中津城は黒田如水(孝高)により、中津川河口周防灘に臨む地に築かれた城である。
面積は二万三千二百八十七坪で、
地形が北より南方に扇状をなしているので、別名を扇城という。
堀には海水が引き込まれているため、水城(海城)とされ、
今治城、高松城と並ぶ日本三大水城の一つに数えられられている。
黒田氏が博多に転封になると、細川忠興が入城し、隠居城になった時、
三の丸を完成させた。
寛永九年(1632)、 細川家の熊本の転封に伴い、小笠原長次が八万石で入封したが、
享保二年(1717)、徳川家連枝の奥平家第七代・奥平昌成が十万石で入封し、
以後、百五十四年間に渡り、奥平家の居城となり、明治維新を迎えた。 」
別府駅発八時十九分のソニックに乗り、中津駅には九時過ぎに到着。
駅からタクシーに乗ると、あっという間に中津城公園の駐車場に着いた。
「 中津城は、福岡県との県境の 大分県中津市 (豊前国中津) に、
黒田孝高(如水)が築城した城である。
黒田孝高(如水)は、豊臣秀吉の命により九州を平定し、中津十六万石を拝領して、
天正十六年(1588)、 中津川 (当時は山国川) 河口の周防灘 (豊前海) に臨むこの地に築城した。
関ヶ原合戦の後の慶長五年(1600)、細川忠興(三斎)が、中津三十二万石として入城する。

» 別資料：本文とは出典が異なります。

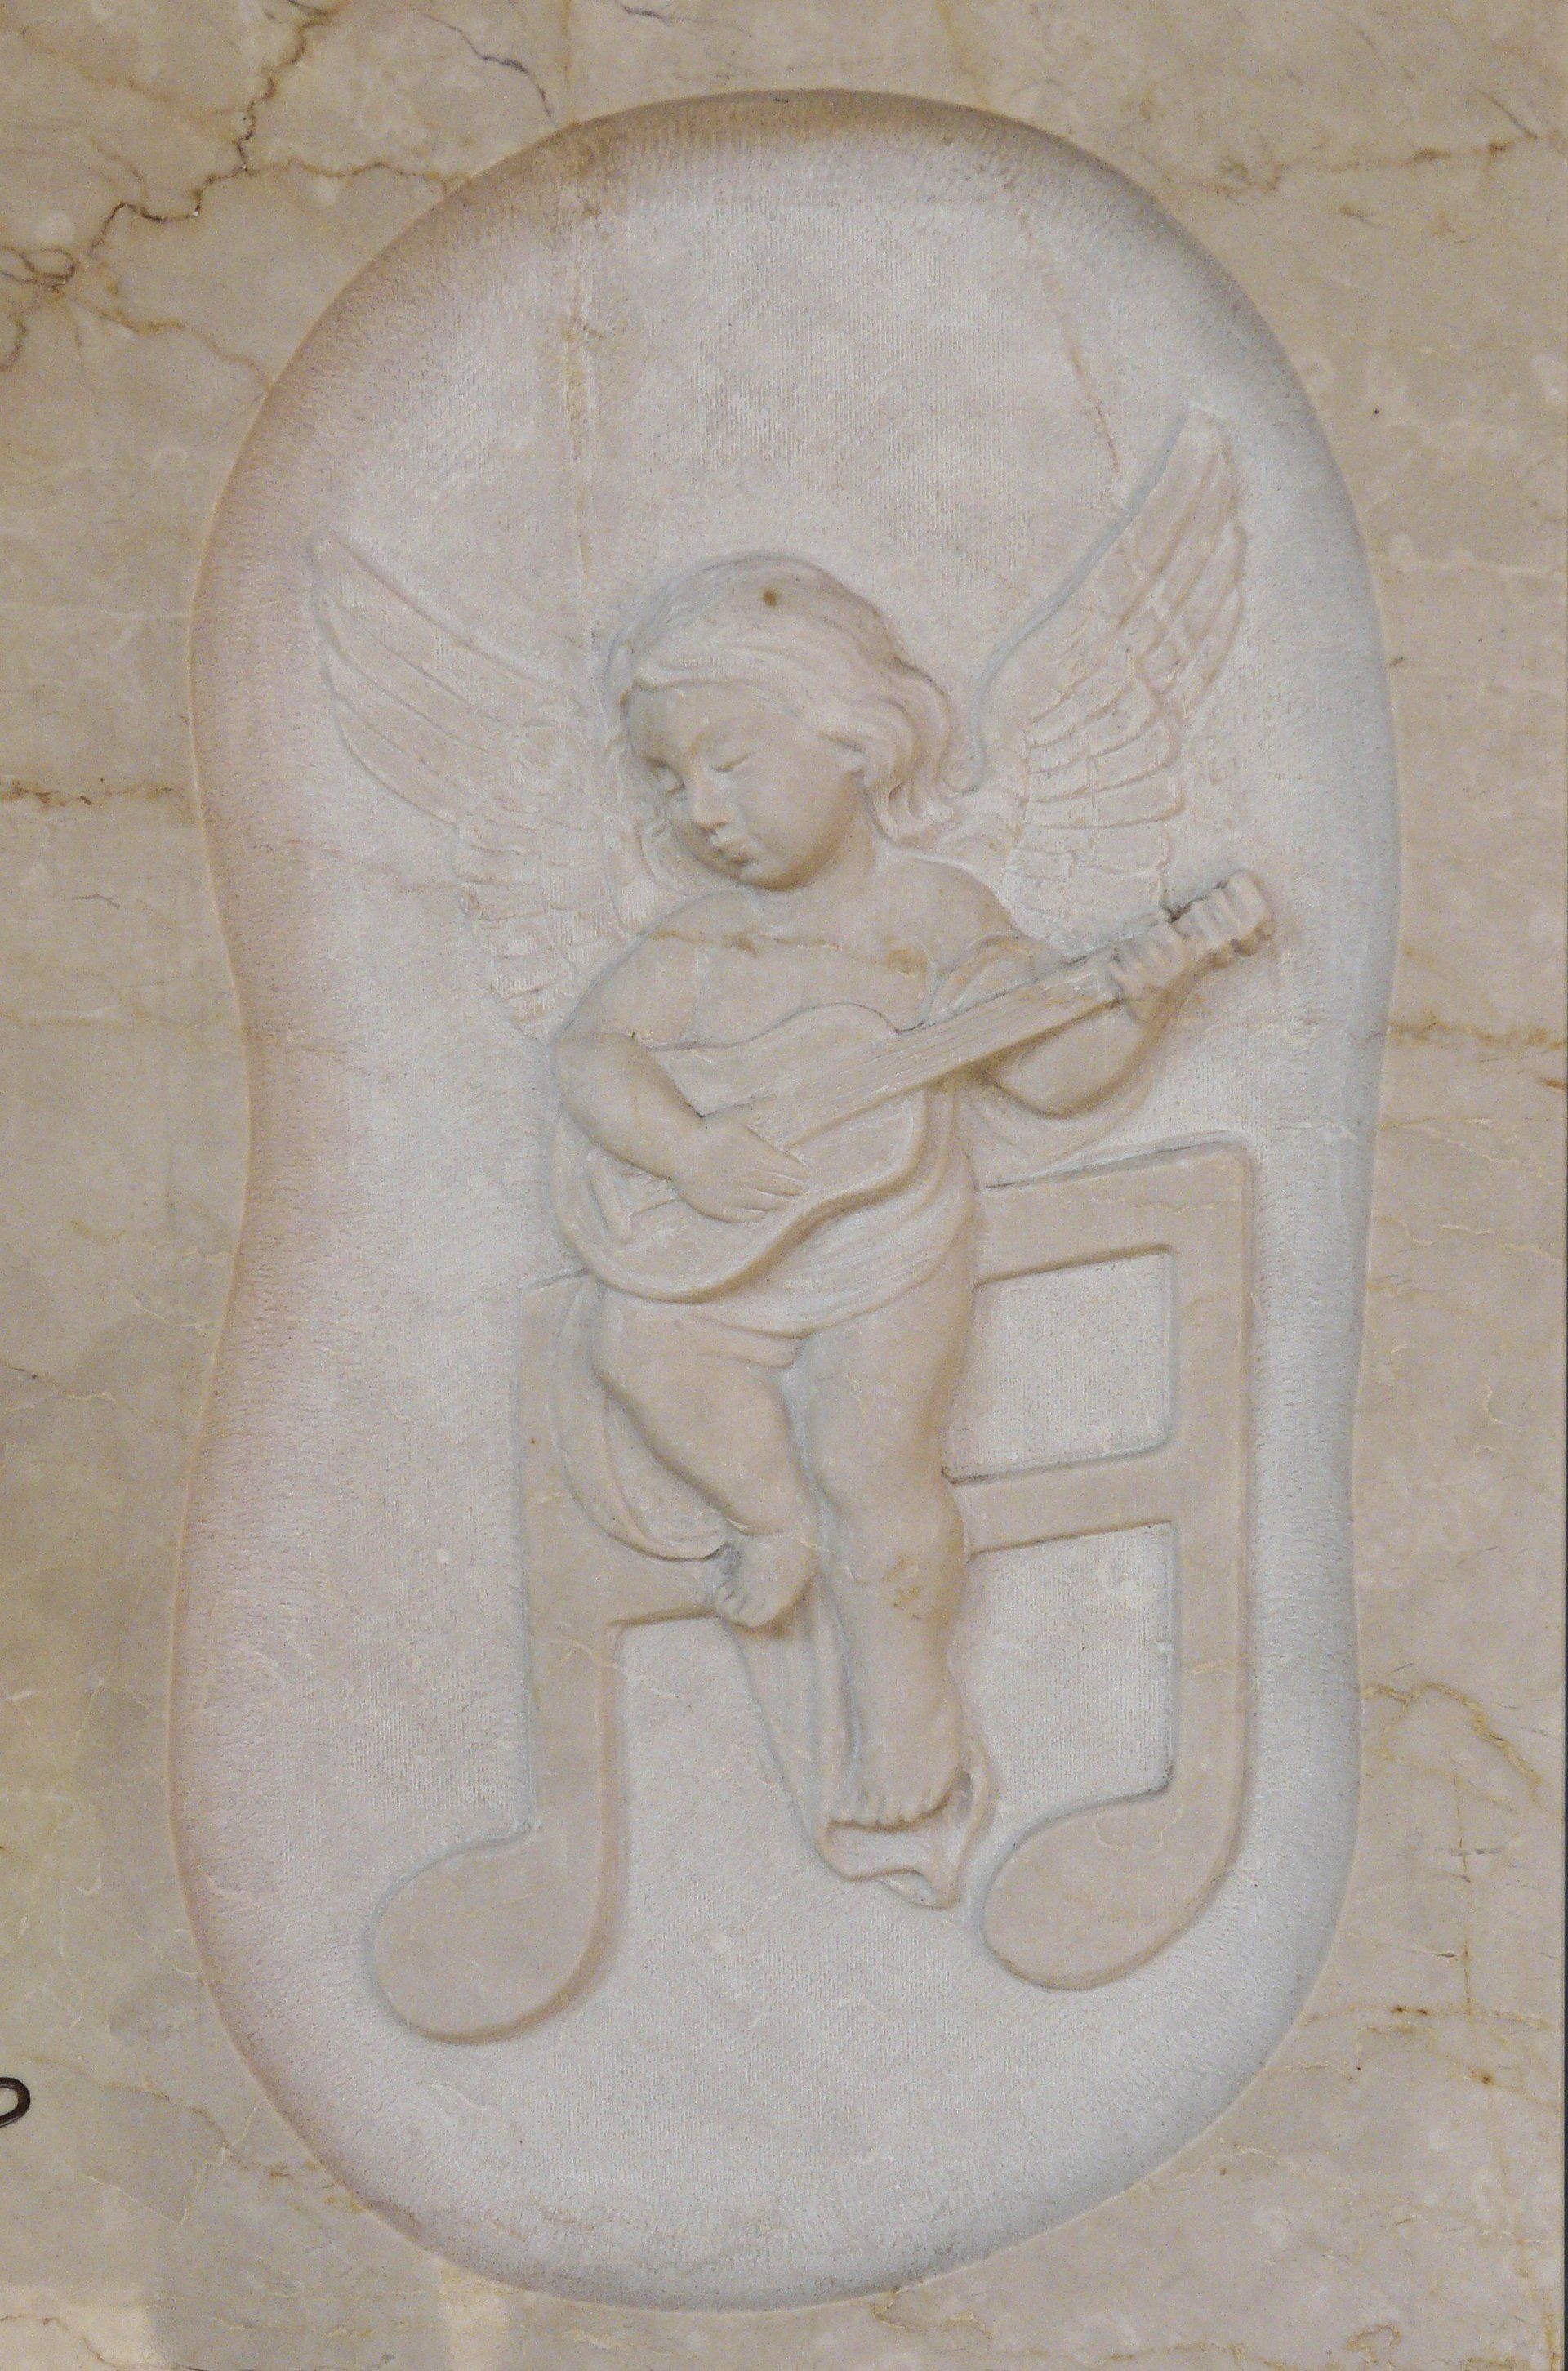 bassorilievo su marmo beige rappresentante un bimbo che suona

細川忠興は、早速、城の大修築を始めるが、前領主・黒田長政が、年貢を博多に持ち去るなどで、
商人らとも関係がこじれたため、中津での領内統治が困難だとして、
慶長七年(1602)、小倉城の築城を開始し、小倉城へ移り、主城(居城)とする。
代わりに、弟の興秋を中津城に入城させた。
元和六年(1620)に入ると、忠興は家督を三男・忠利に譲り、中津城に隠居する。
忠興は、元和七年(1621)、中津城の三の丸を拡張し、扇形の梯郭式平城を完成させた。 」
駐車場の南側には石垣と水堀があった。
「 中津城の水堀は、本丸と三の丸の南側と東側のみで、 西側は高瀬川が水堀の役目を担っていた。 」
駐車場の右手には、「三斎池」 の説明板がある。
「三斎池」
「 細川忠興が隠居し、居城を小倉城から中津城に移した際、
三斎 と号し、城と城下町の整備を行ったが、その際、城内の用水不足を補うため、
山国川の大井出堰から水を城内まで導く大工事を行った。
その水をたたえたのがこの池であり、鑑賞や防火用水として使用された。
忠興の号、三斎の名を冠して三斎池という。 」
駐車場の北東の石垣の前に、「中世の館と寺院跡」 の説明板がある。
説明板「中世の館と寺院跡」
「 中津城が築城される前に、
二重の溝に囲まれた、中世 (十五世紀〜十六世紀)の館があったことが確認された。
高石垣を積む近世の城と違い、溝の壁には石が貼りつけられていて、
溝の間には土塁があったと考えられる。
中津城築城当初の地層から、最大径一・六メートル、厚さ七十センチの大型の礎石や、
せん (土へんに専という字) という、タイル状の瓦が多数出土され、
また、表面に仏を意味する梵字や日付などを墨で書いた大きな石が出土した。
中央には、丸い穴が掘られていて、仏舎利などが収められ、地鎮に使われていたと考えられている。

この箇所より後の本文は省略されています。